• _Exercise_: An exact restatement of the entire listing is needed, excluding all images.

• _Available data_:
::::::::::
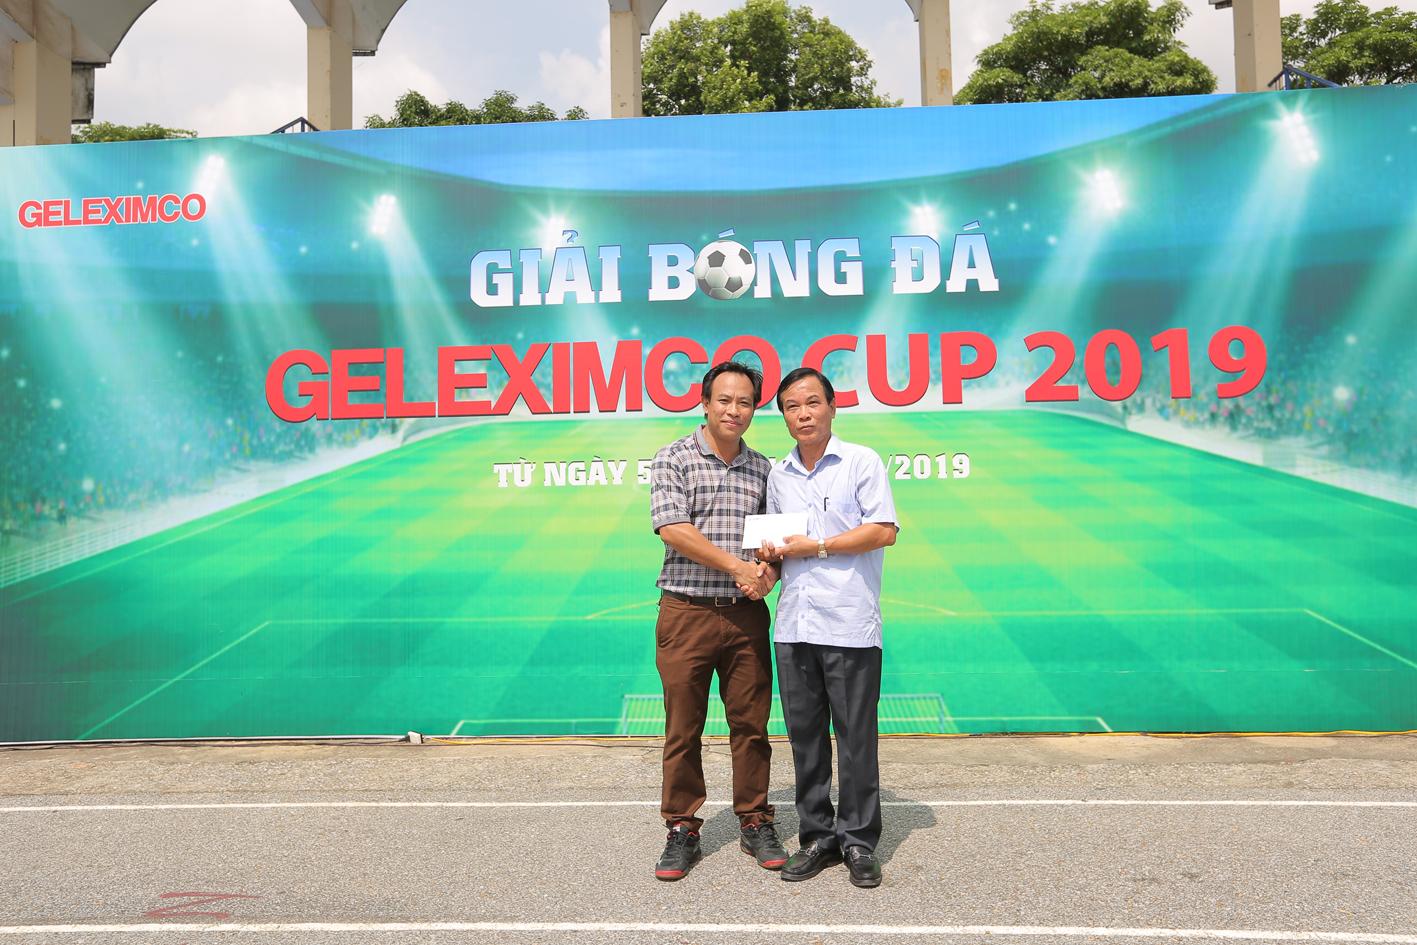 Ông Nguyễn Quốc Khánh - Phó giám đốc Chi nhánh Hà Tây đại diện đơn vị tài trợ cho giải đấu số tiền 10 triệu đồng.
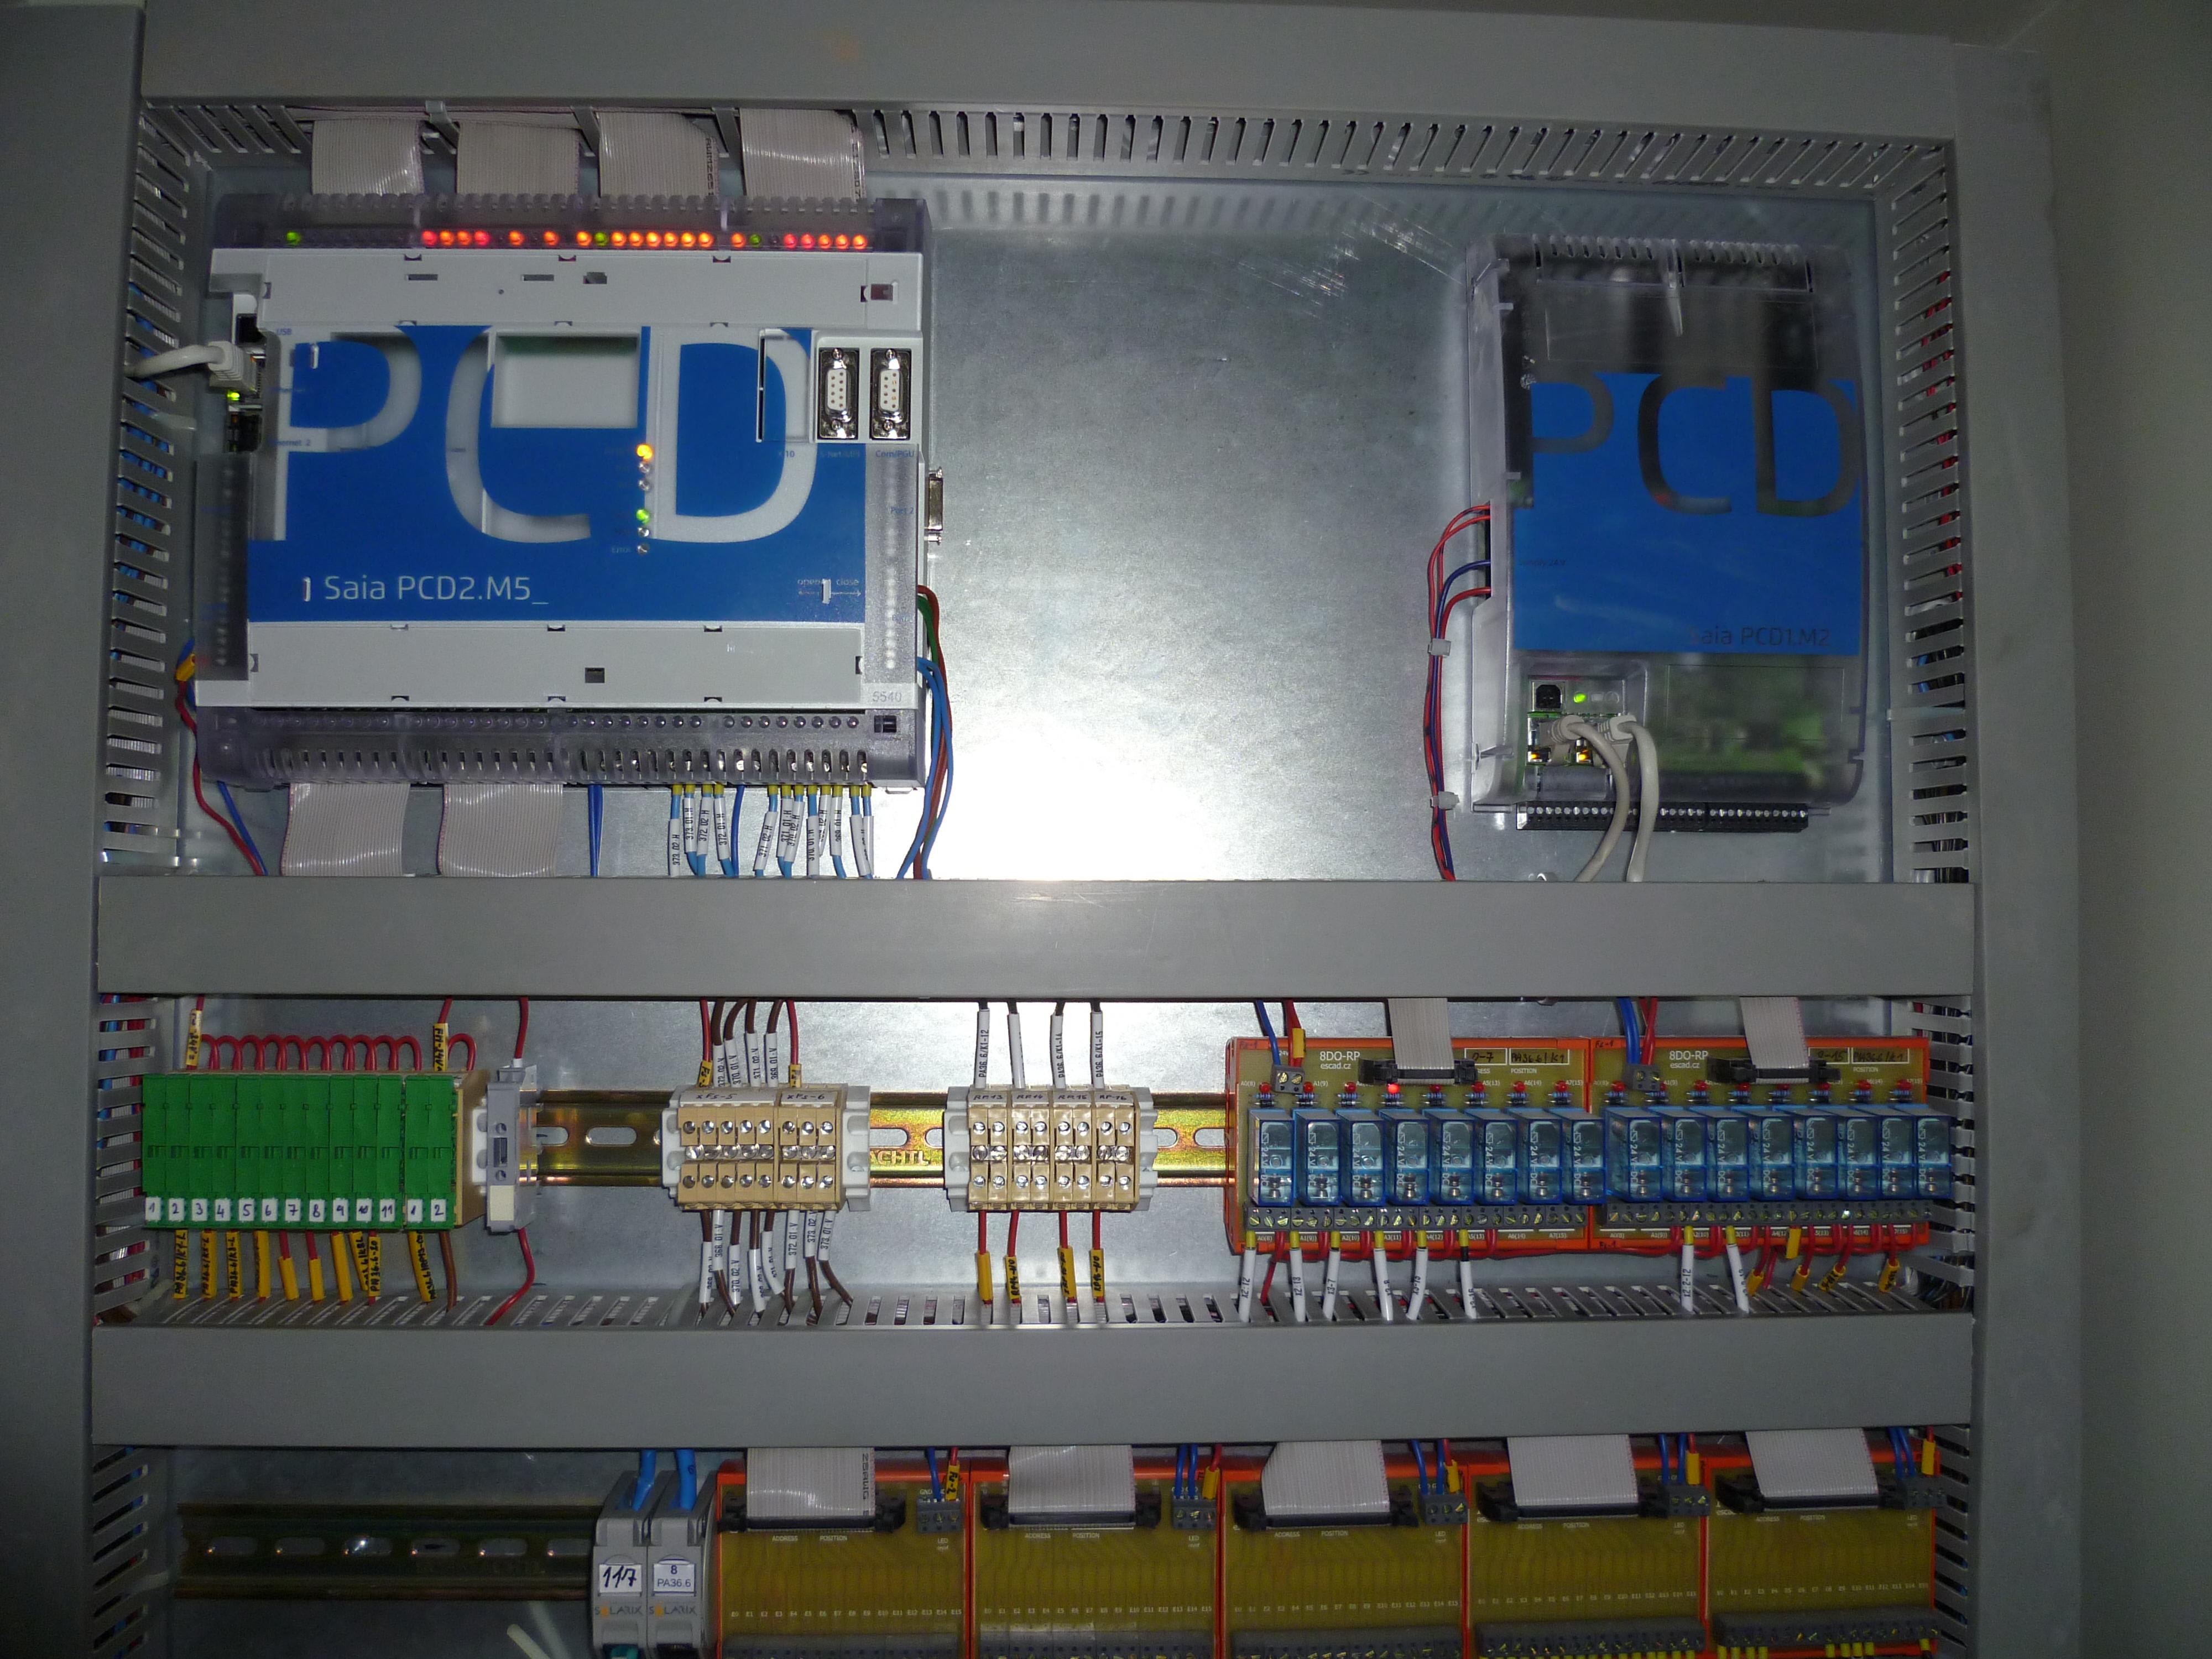 IKEM nová verze PCD2.M5540 namísto původní verze PCD2.M180
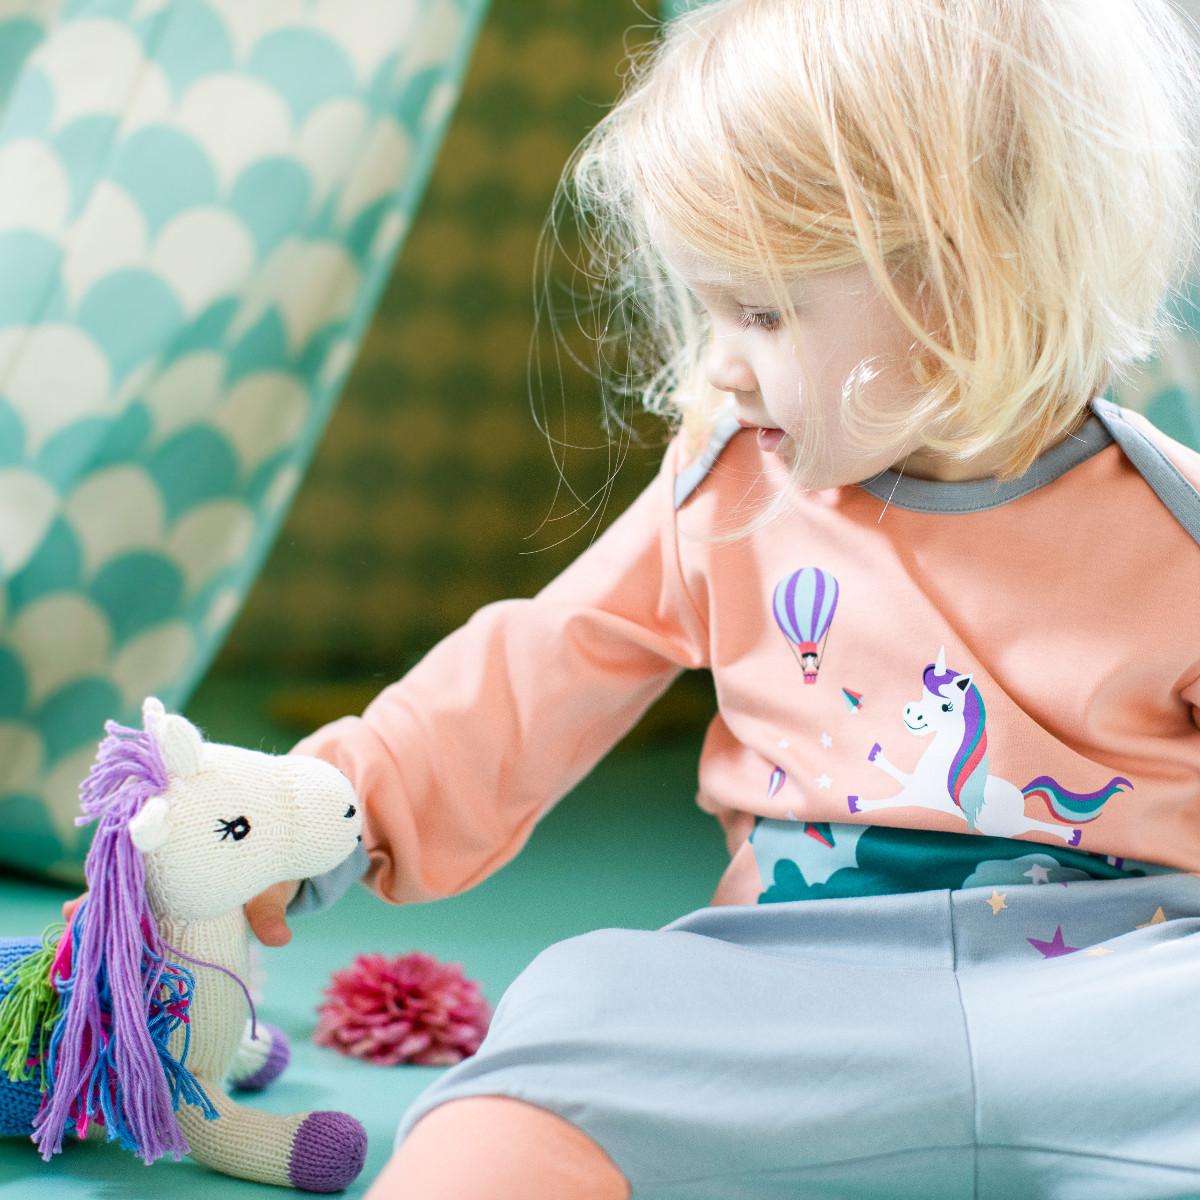 Kinderzimmer-Schild T/ürschild mit Namen Mia und Einhorn-Motiv in Pastell-Optik f/ür M/ädchen
::::::::::
• _Exercise solution_:
 Ông Nguyễn Quốc Khánh - Phó giám đốc Chi nhánh Hà Tây đại diện đơn vị tài trợ cho giải đấu số tiền 10 triệu đồng.
 IKEM nová verze PCD2.M5540 namísto původní verze PCD2.M180
 Kinderzimmer-Schild T/ürschild mit Namen Mia und Einhorn-Motiv in Pastell-Optik f/ür M/ädchen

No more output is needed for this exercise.